Samedi, ce sera un gros test face à Bordeaux...
Ce sera un bon match face à un concurrent direct. C'est toujours bien de se préparer contre une équipe qui prétend au titre.
Cette année vous abordez la saison en étant numéro 1, est-ce différent dans l'approche et la préparation ?
Il est indispensable de bien se préparer car nous savons que, logiquement, je vais démarrer la saison. En revanche, lorsqu'un gardien joue le rôle de doublure, il se prépare à jouer mais ce n'est pas pareil, on se prépare au cas où. Cette année pour moi c'est différent car je sais que je devrais débuter le 9 août.
Personnellement, avez-vous l'impression de jouer gros cette année ?
Non. Je jouais gros aussi l'année dernière. C'est pareil, je le prends vraiment comme un bonus.
LA SAISON 2008/2009
Après deux bonnes saisons, les supporters attendent que l'OM joue le haut de tableau et même un titre...

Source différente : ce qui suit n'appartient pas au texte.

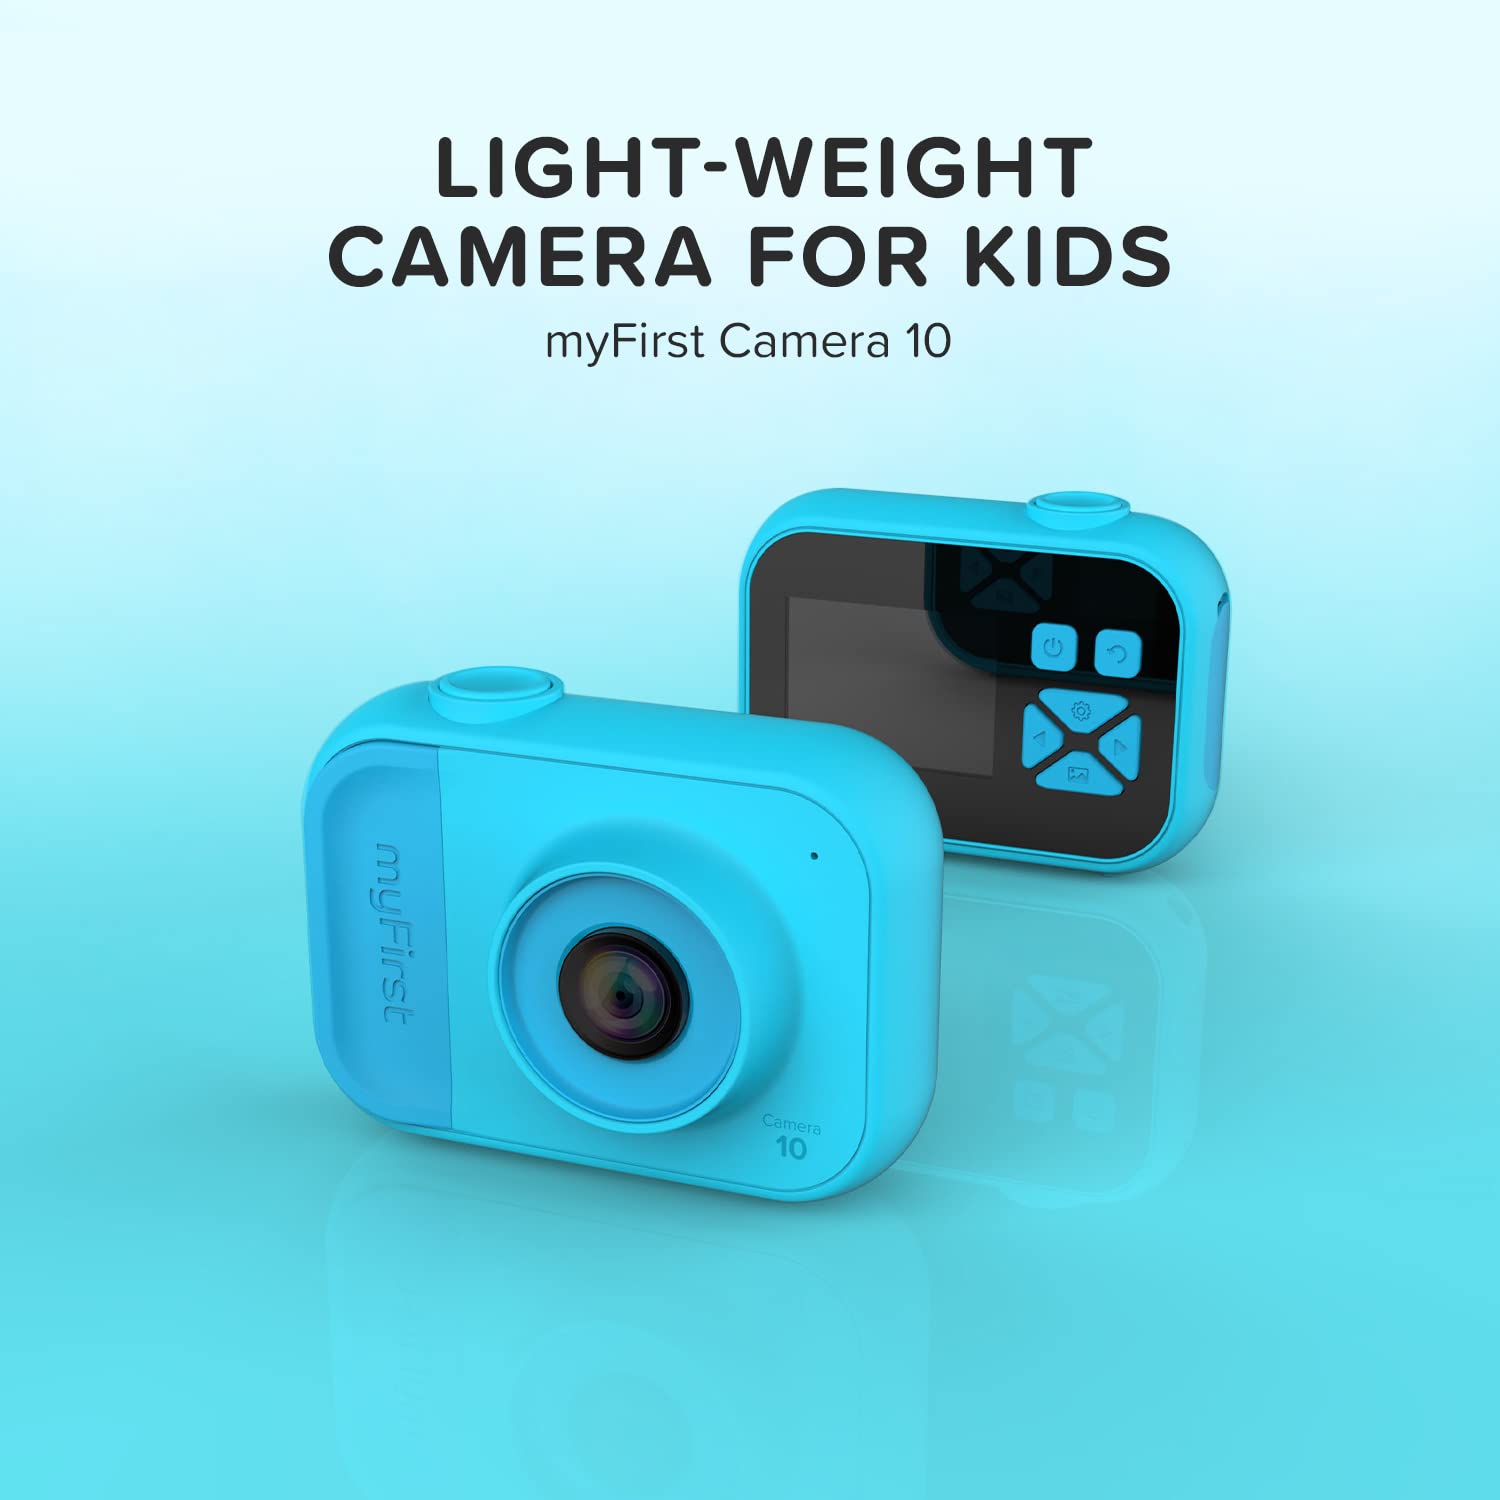 myFirst Camera 10 - Digital Camera for Boys Girls Age 4-9 5MP Video Photo 32GB with Tripod Screw Adapter Suitable for Birthday Gift (Blue)

C'est Marseille, nous le savons chaque saison. Le club nous demande des résultats, des titres, et plus les années passent sans résultats, plus le club est exigeant. C'est normal. A nous, joueurs, de se préparer et d'être prêts à assumer ce statut car nous sommes conscients de l'attente des supporters. Le club s'investit dans le recrutement pour avoir des résultats, ensuite, c'est à nous, sur le terrain, de démontrer que l'Olympique de Marseille mérite de gagner des trophées. Nous devons être prêts dès le départ et d'aller au bout.

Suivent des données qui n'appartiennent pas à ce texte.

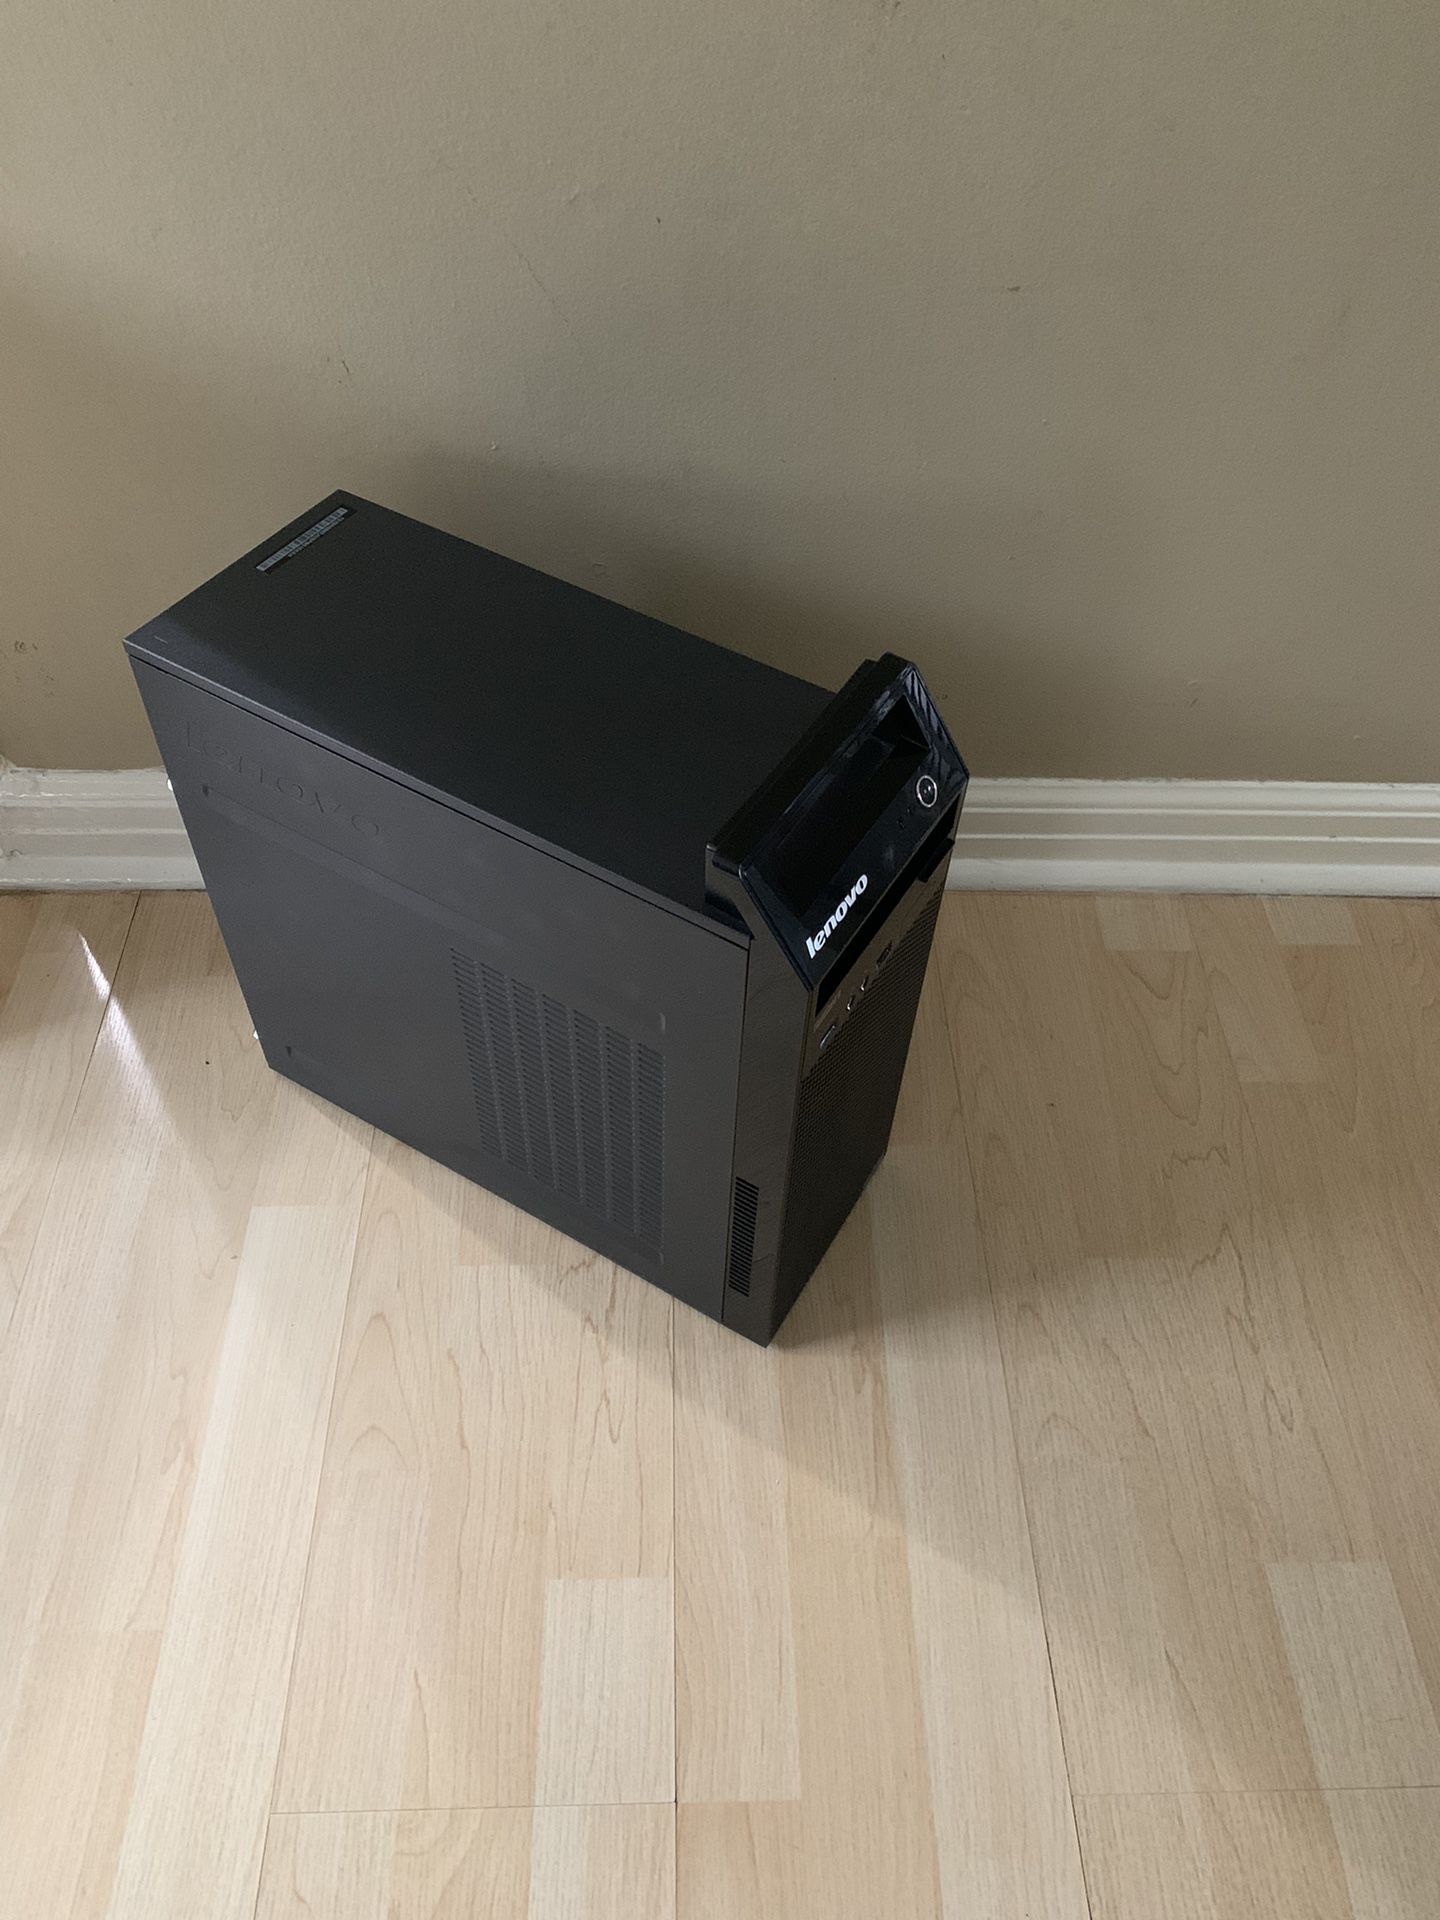 Computer Case For Sale

Que n'aimeriez-vous pas voir arriver cette saison ?
Il faudrait éviter de faire la même entame catastrophique de championnat que l'année dernière. Il est important de bien négocier le premier match contre Rennes ainsi que le tour préliminaire de la Ligue des Champions qui est très important pour le club et pour nous. Nous avons donc un début de saison à ne pas louper.
Selon vous, Lyon reste-t-il le favori pour cette saison ?
Evidemment. Lyon reste le favori. Cela fait sept ans qu'ils sont champions. Ils recrutent toujours très bien pour le rester. Maintenant, l'OM, en tant que postulant, compte bien changer la donne.